I feel that much of our terrorism thing has been manufactured and exaggerated. Allowed to happen. Intentionally cultivated. Baited even. So let’s just hope this doesn’t turn into the boy who cried wolf.

We haven’t had such a legitimate enemy since the Nazis. These people aren’t like typical terrorists with legitimate grievances. They are a nation state death cult that has openly declared war that they intend to fight forever.

They actually expect to lose it by our standards. (See link below.) They’ve made it clear how to crush them militarily, and are begging for it. Literally begging their god for it.

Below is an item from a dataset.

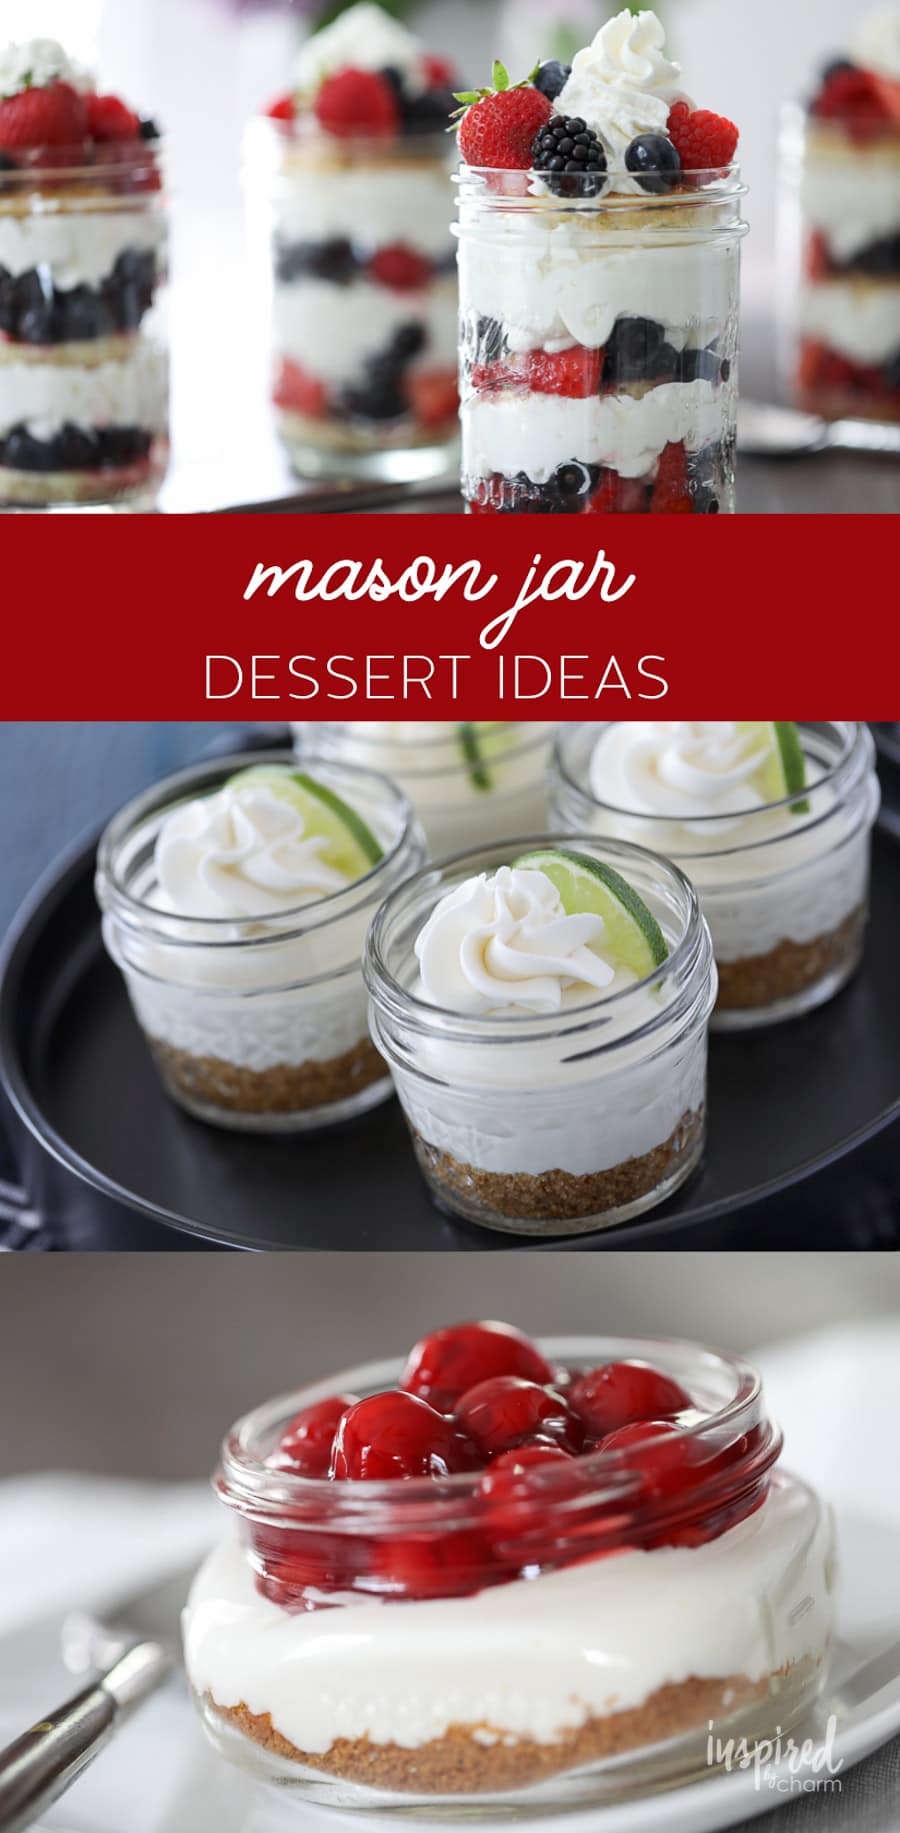 Mason Jar Dessert Ideas #mason #jar #dessert #desserts #recipe #dessertinajar #cake #cakeinajar

So I’m curious how France will look in 10 years. I think this is their 911. I think they’ll never be the same. But it’s not like ours. They didn’t need it like the 1% needed 911. None of the cultivation I mentioned on our part applies to them. I think the official story is essentially accurate.

France is an extremely reasonable country in my view. I don’t expect them to go hysterical like we did and surrender to fear and baseless irrational war mongering. And unlike some of the shittier elements of popular culture, I have zero illusions about their lethality.

ISIS is completely foolish (from my perspective) for attacking France. But like I said: Death cult. Thinking about their desire to be crushed, it was actually really wise. Indeed more wise than attacking us.

We can’t really bring them the epic stomping they want. That’s what we get for crying wolf twice and putting said wars on the credit card. No one would rally behind us, or Russia for that matter. But France? Yeah.

That was the wrong (or right as I said) move. They are going to discover that picking a fight with France, a real fight, is a bit like trying to invade Switzerland. Just about the dumbest plan ever. I think we’re going to see some true social Darwinism in action in the coming years.

See Also:

http://www.theatlantic.com/magazine/archive/2015/03/what-isis-really-wants/384980/

He regards the claim that the Islamic State has distorted the texts of Islam as preposterous, sustainable only through willful ignorance. “People want to absolve Islam,” he said. “It’s this ‘Islam is a religion of peace’ mantra. As if there is such a thing as ‘Islam’! It’s what Muslims do, and how they interpret their texts.” Those texts are shared by all Sunni Muslims, not just the Islamic State. “And these guys have just as much legitimacy as anyone else.”